No jornal alternativo de esquerda Novos Rumos, em Parnaíba, temos a crítica feita a
esta visita que mobilizou a elite local, conforme fotos diversas a que tivemos acesso, e, ainda,
as denúncia das obras super faturadas, entre elas a inauguração do Aeroporto de Parnaíba, de
alguns monumentos que ainda hoje rememoram uma amarga lembrança histórica da cidade
durante os anos de chumbo, de uma escola, de estradas e de uma ponte, entre outras obras.

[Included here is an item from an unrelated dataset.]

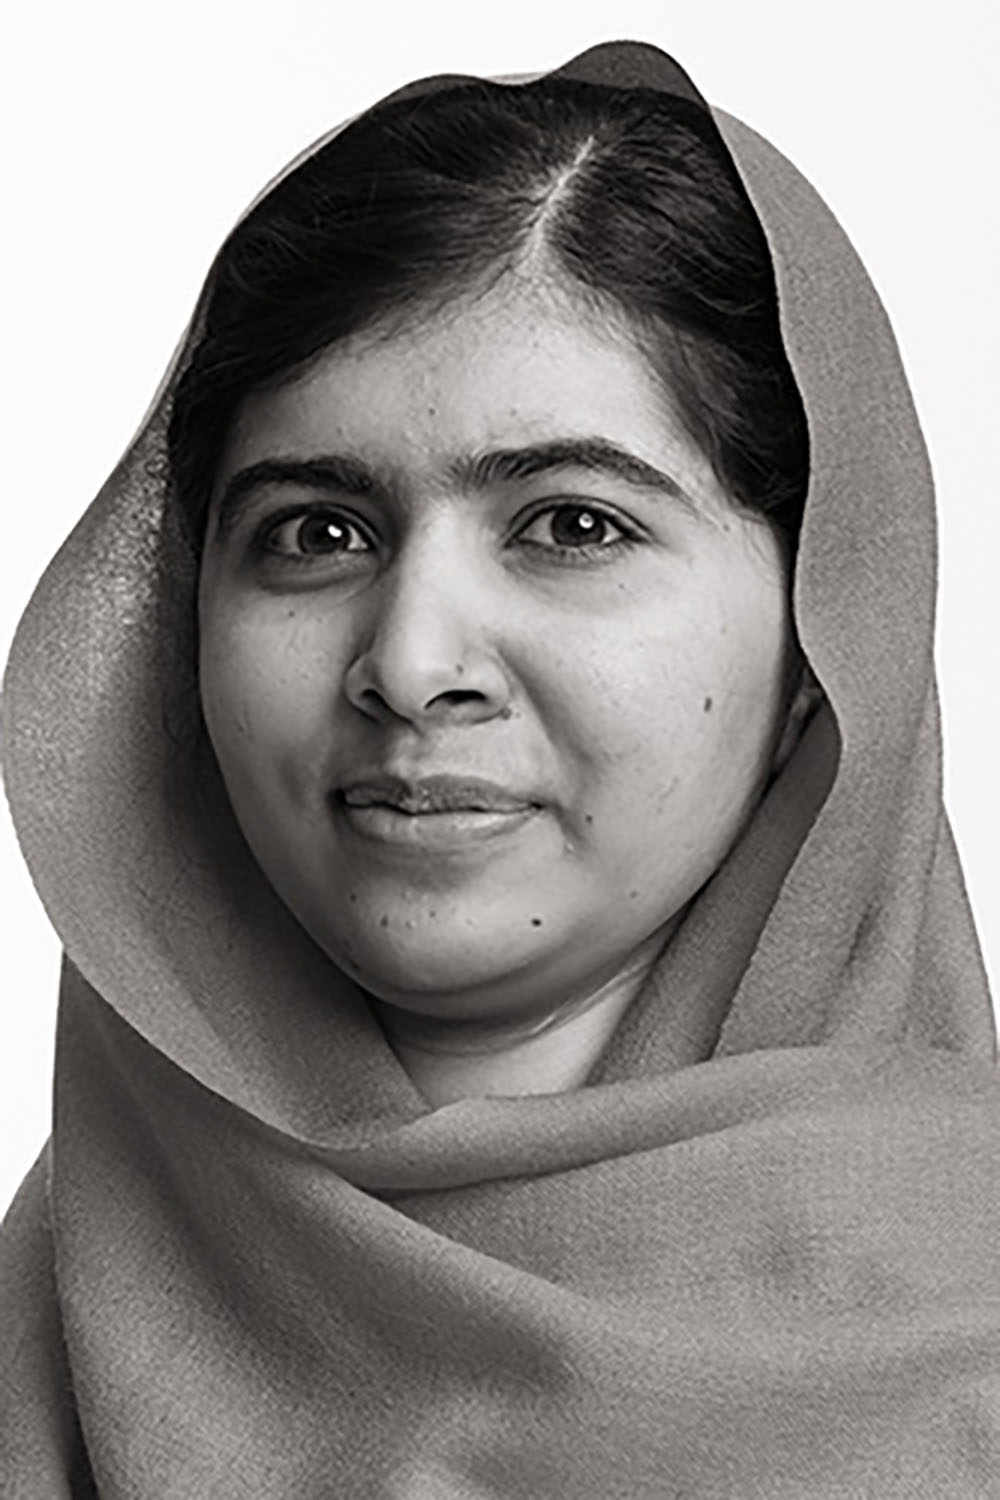 MALALA YOUSAFZAÏ a 15 ans lorsqu’elle est blessée au visage par des tirs de talibans dans la vallée de Swat, au Pakistan, en 2012. Ils voulaient l’empêcher, elle et d’autres jeunes filles, d’aller à l’école. Elle a survécu à ses graves blessures et a continué à se battre.  En 2013, Malala devient la plus jeune lauréate du prix Sakharov. Elle dédie alors sa distinction aux « héros pakistanais de l’ombre » et prononce un vibrant plaidoyer pour le droit de tous les enfants à l’éducation.
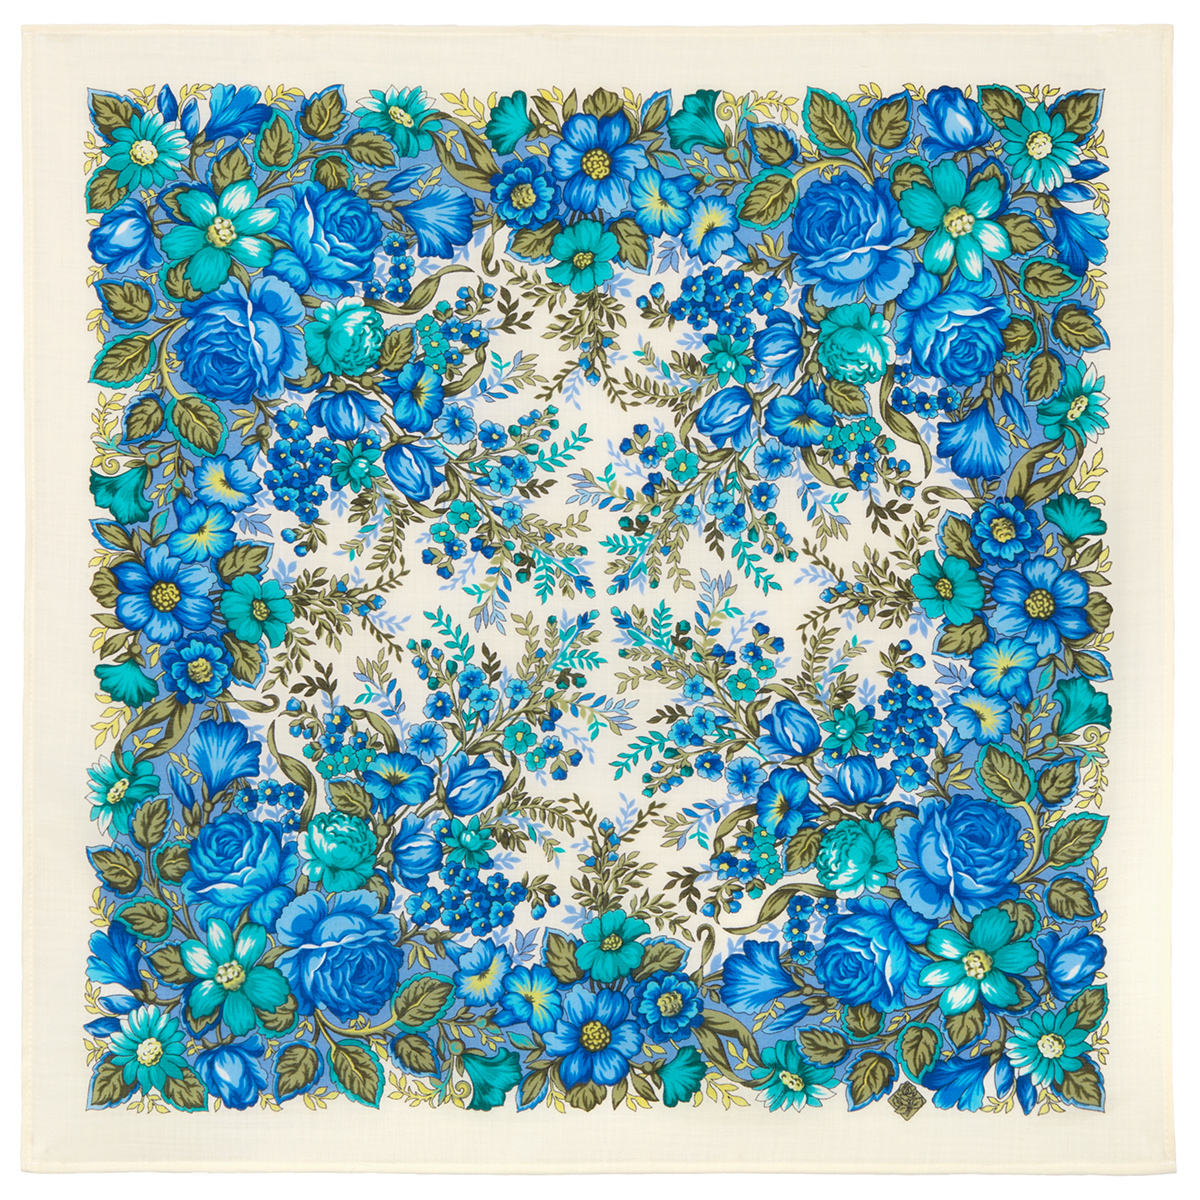 Платок женский Павловопосадская платочная мануфактура 1821 синий/бирюзовый, 72х72 см

Restam evidentes, ante a esta análise dos jornais piauienses como instrumento da
divulgação da ideologia da ditadura civil-militar, os perigos da pesquisa em história, tendo
em vista que as evidências nem sempre enunciam uma verdade histórica; ao contrário, podem
até “esconder” algo, pois nenhuma fonte passada, presente ou futuro é neutra, carregando em
si os interesses em enunciar uma memória-histórica hegemônica, que, articulada com os
“donos” de jornais, manipulam a existência da diversidade humana. Isto obstrui a
possibilidades de Outras Histórias (HOBSBAWM, 1988), talvez o medo de outras possíveis
versões que venham, quem sabe, (des)construir os monumentos de origem da ditadura civil-
militar no pós-1964.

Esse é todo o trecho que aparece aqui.